**Source data:**
Content starts
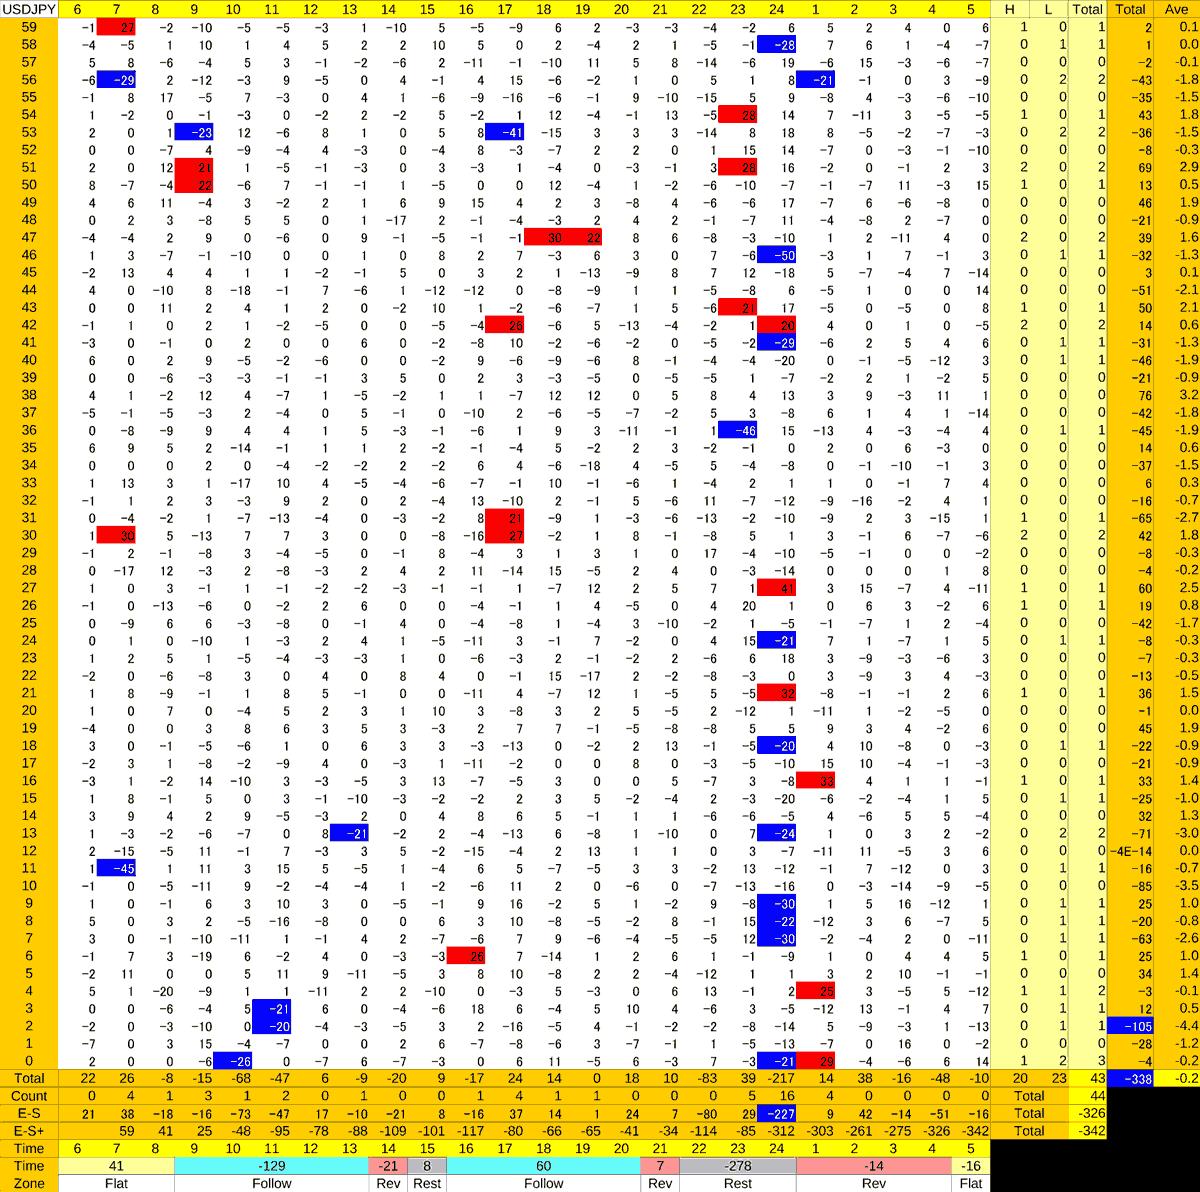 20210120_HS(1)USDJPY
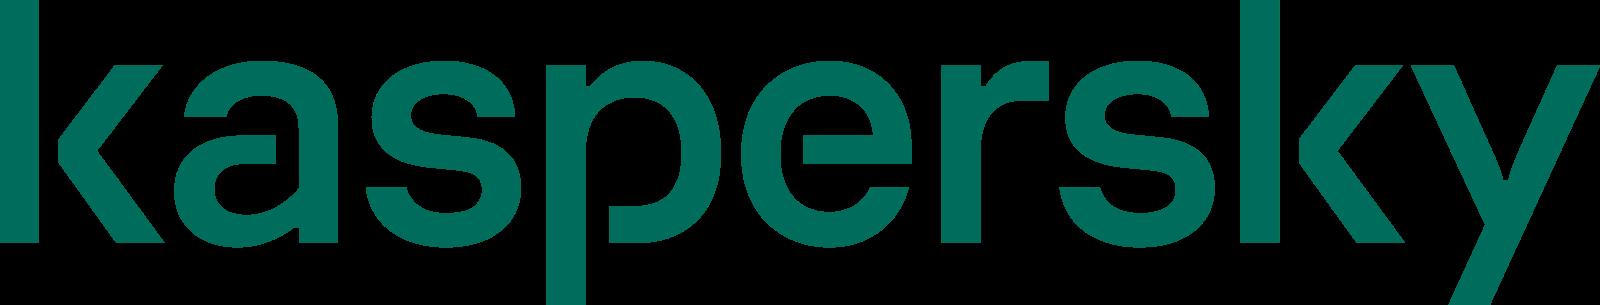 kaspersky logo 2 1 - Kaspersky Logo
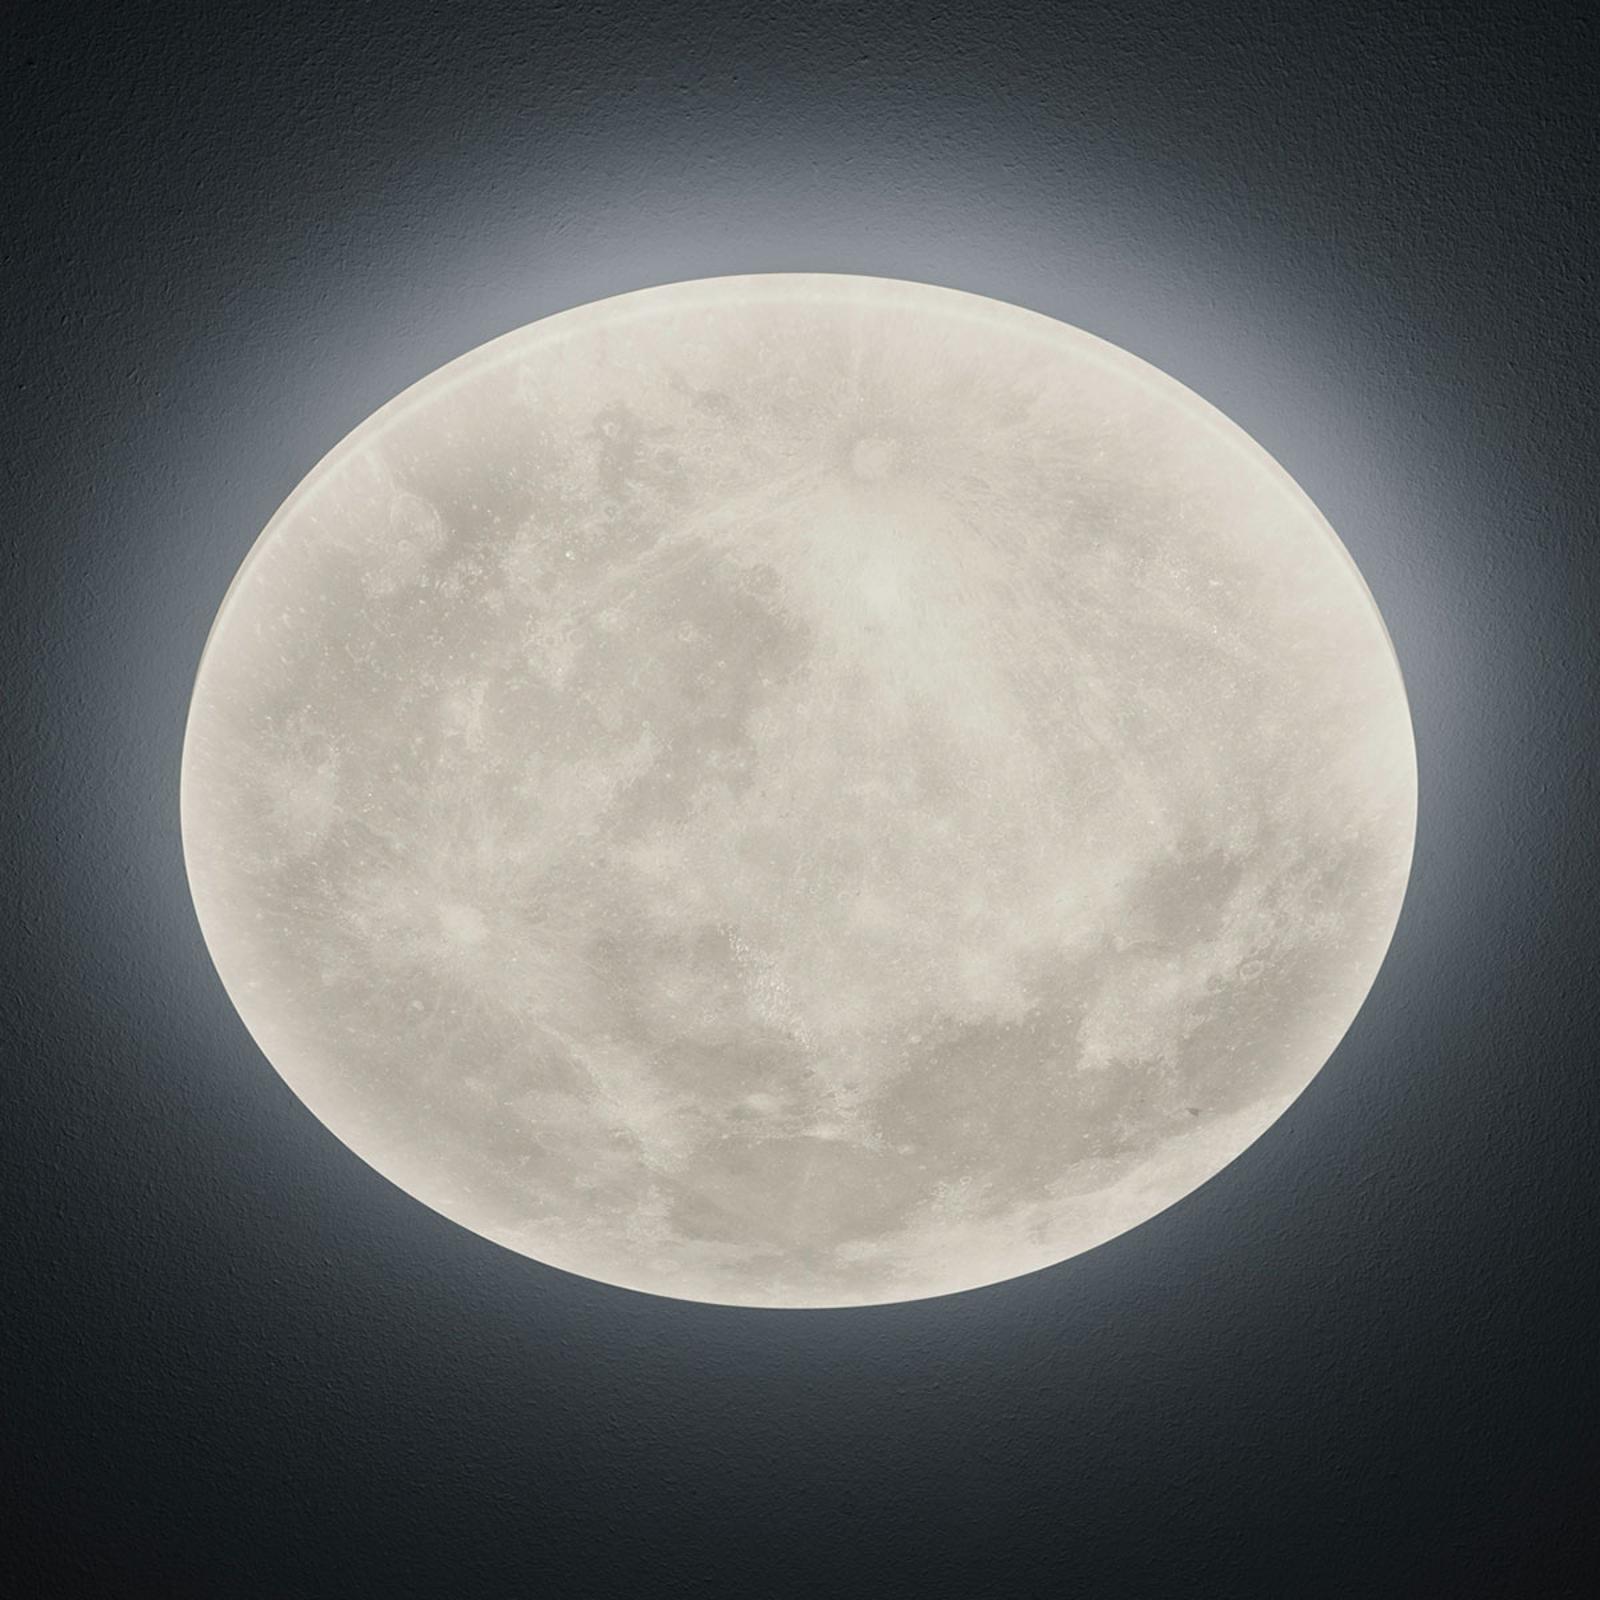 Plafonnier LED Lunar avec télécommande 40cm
Content ends
**Your task:** Pictures do not belong in the copy; repeat the rest of the listing exactly.

**Answer box:**
 20210120_HS(1)USDJPY
 kaspersky logo 2 1 - Kaspersky Logo
 Plafonnier LED Lunar avec télécommande 40cm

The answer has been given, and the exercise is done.